Used to detect and record application errors - sometimes we try to delete the memory on the stack or try to delete the same memory multiple times. If we use the customized space allocation and release function, we can maintain a list of pointers obtained by new and remove the pointers when deleting. In addition, since the memory is completely managed by ourselves, we may cross the boundary of a pointer and overwrite some data of its initial or end part. If we customize the new operator, we can apply for more memory to save the pointer signature. When deleting, we decide whether to destroy the memory or record errors by checking whether the signature is complete.
To enhance performance - the new operator provided by the compiler is a generalized space allocation operator. It must deal with a series of requirements, including supporting both large memory and small memory; Various allocation forms must be accepted, from the dynamic allocation of a small number of blocks during the survival of the program to the continuous allocation and return of a large number of short-lived objects; They must also consider memory fragmentation. These are the directions that garbage collection mechanism must consider. However, as shown in other languages, this space allocation and garbage collection can hardly meet all needs at the same time. We can customize new and delete to meet our needs in specific directions, including faster speed, higher space utilization, etc.
In order to collect usage statistics - by recording in new and delete, we can know what kind of memory our software tends to allocate, how its distribution is, how long their life cycle is, and so on.

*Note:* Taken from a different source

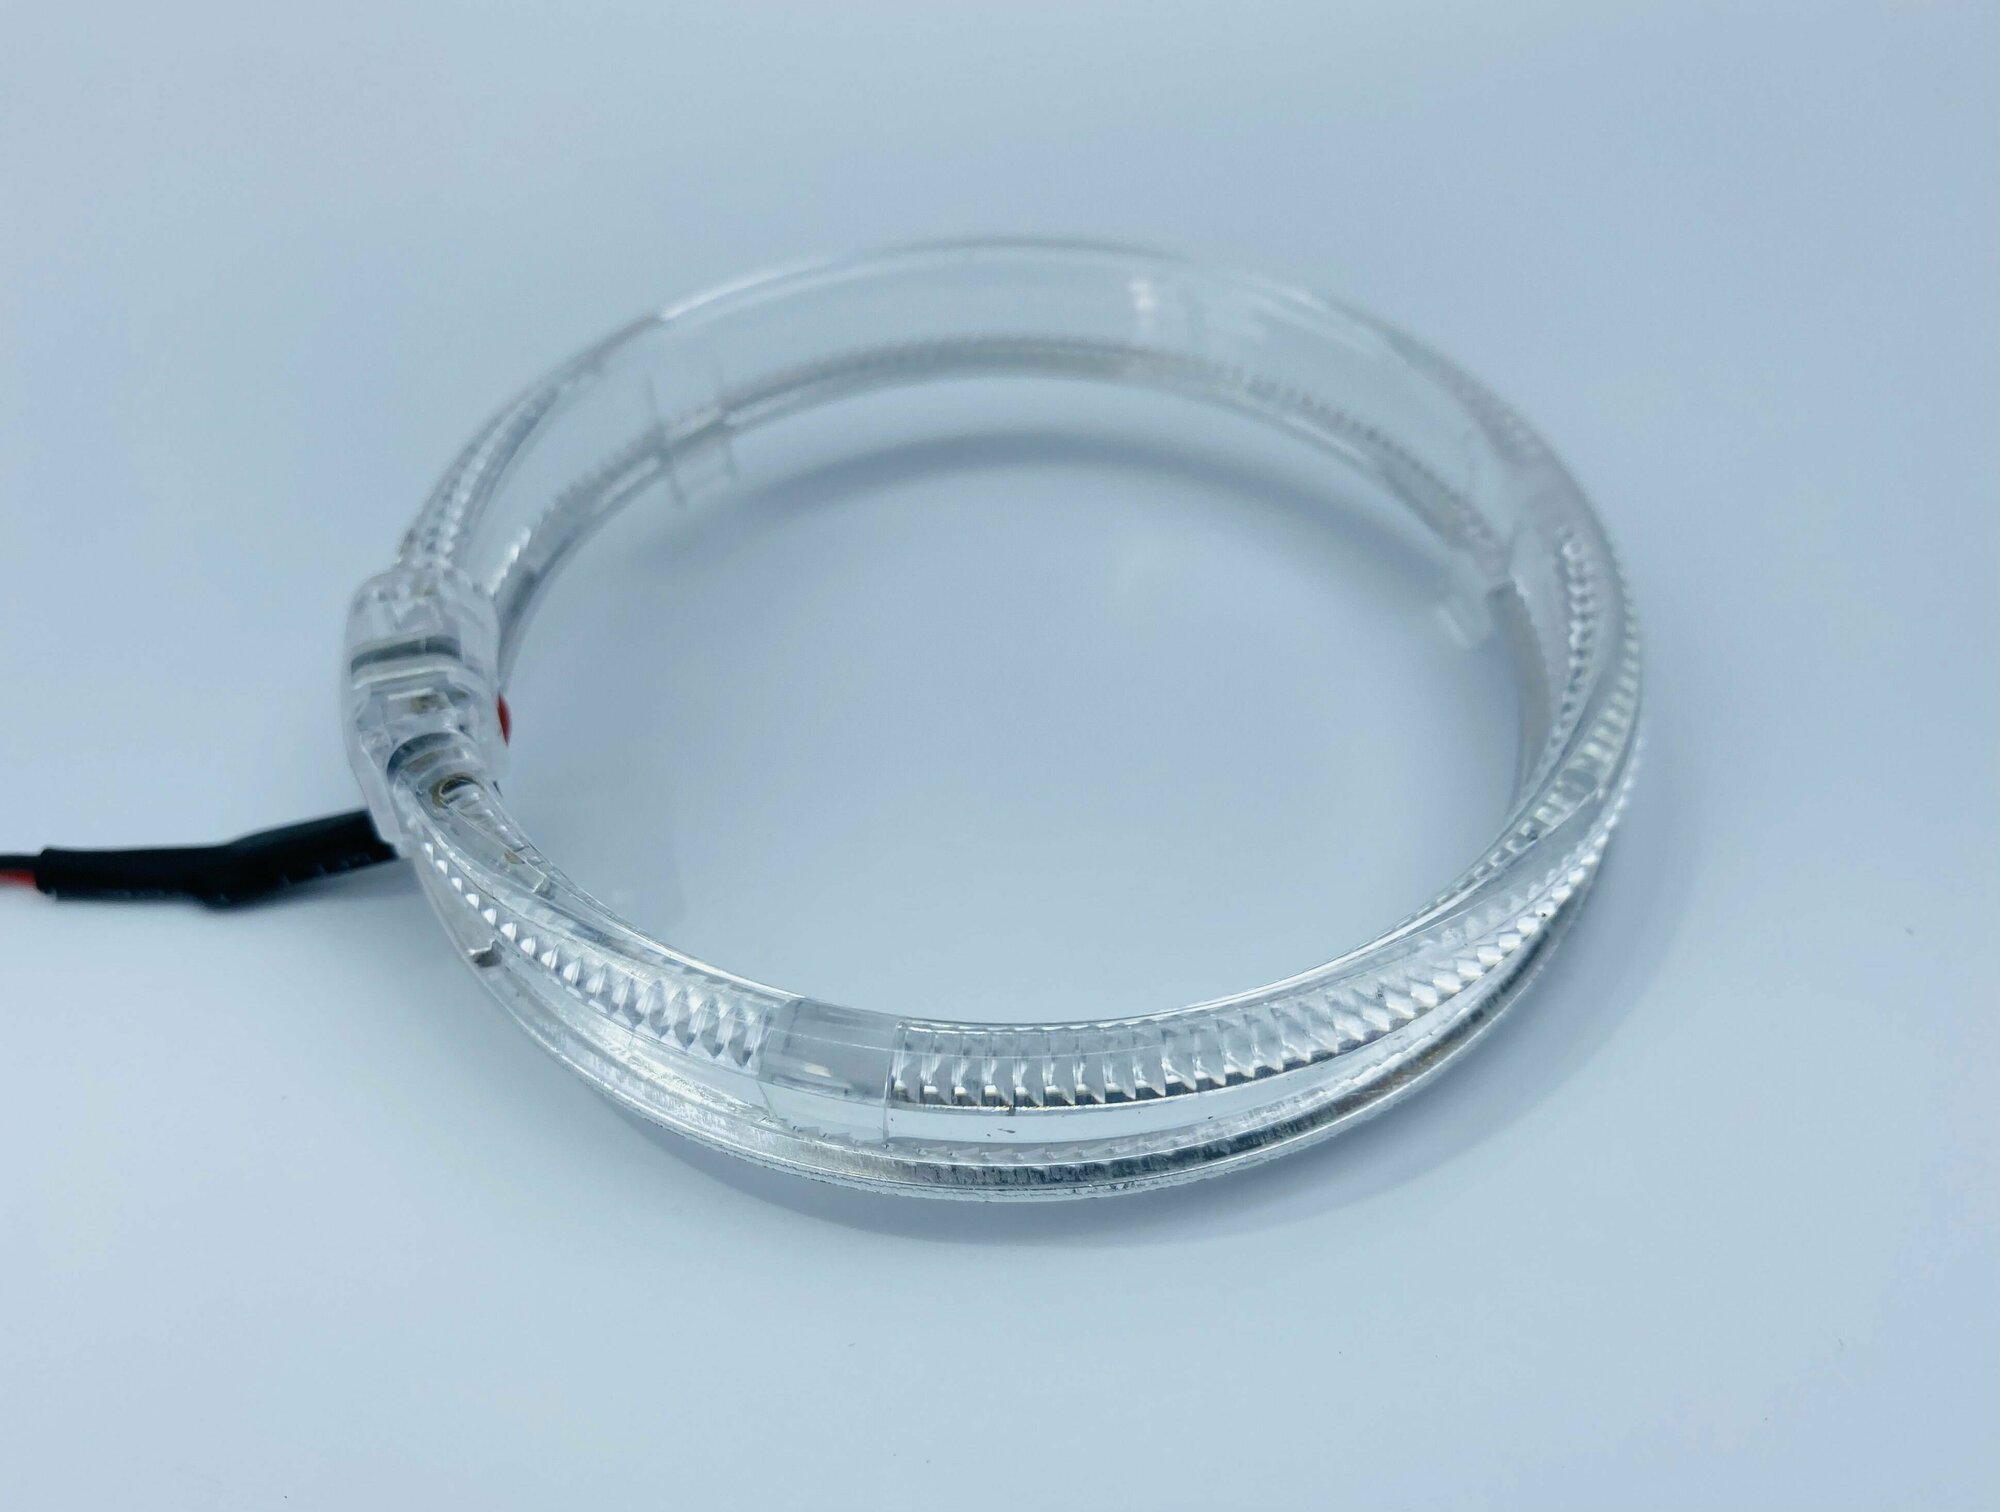 Диодные габариты (кольца) - "Ангельские глазки" Crystal, со световодом и режимом притухания, 12-24V, ф-95мм, для бленд (масок) 3.0", комплект 2шт

2. Alignment problem in Custom new

Conceptually, writing a custom new operator is very simple. For example, write a new operator to add pointer signature:

#include <iostream>
using namespace std;

static const int signature = 0XCAFEBABE;
void* operator new(size_t size)
{
	size_t sizeReal = size + 2 * sizeof(int);
	void* pMem = malloc(sizeReal);
	if (!pMem)
	{
		throw bad_alloc();
	}

	*(static_cast<int*>(pMem)) = signature;
	*(reinterpret_cast<int*>(static_cast<char*>(pMem) + sizeReal - sizeof(int))) = signature;

	return static_cast<char*>(pMem) + sizeof(int);
}

Let's not consider new here_ Call to handler. There is a more subtle problem here - alignment. Many computer architectures require that specific types must be stored at specific memory addresses. For example, it may require that the address of the pointer must be a multiple of 4 or the address of double must be a multiple of 8. If this condition is not met, it may cause runtime exceptions. Even for hardware systems without exceptions, they claim that when the alignment conditions are met, their execution efficiency will be higher.
C + + requires all pointers returned by the new operator to be properly aligned. Malloc works under such requirements. Therefore, it is safe for the new operator to directly return the memory allocated by malloc (this is the implementation of global new). However, we did not return the memory directly here, but added an offset. Therefore, we cannot guarantee that the pointer is available or efficient. I did the following tests on my machine:

#include <iostream>
using namespace std;

static const int signature = 0XCAFEBABE;
void* operator new(size_t size)
{
	size_t sizeReal = size + 2 * sizeof(int);
	void* pMem = malloc(sizeReal);
	if (!pMem)
	{
		throw bad_alloc();
	}

	*(static_cast<int*>(pMem)) = signature;
	*(reinterpret_cast<int*>(static_cast<char*>(pMem) + sizeReal - sizeof(int))) = signature;

	return static_cast<char*>(pMem) + sizeof(int);
}

void __CRTDECL operator delete(void* const block, size_t const)
{
	free(static_cast<char*>(block) - sizeof(int));
}

int main()
{
	time_t tStart = clock();
	for (int i = 0; i < 1000000000; i++)
	{
		double* pD = new double;
		*pD = 1.0;
		delete pD;
	}
	time_t tEnd = clock();
	cout << "time = " << (tEnd - tStart) << endl;
	return 0;
}


After removing customized new and delete:

Of course, we don't have to implement technical details like Qi bit. On the one hand, many compilers provide memory management functions for debug state and log state. Commercial products are also available on many platforms, which can replace the memory management provided by the compiler; On the other hand, we can choose open source. A Pool allocator is provided in the Boost library to allocate a large number of small objects.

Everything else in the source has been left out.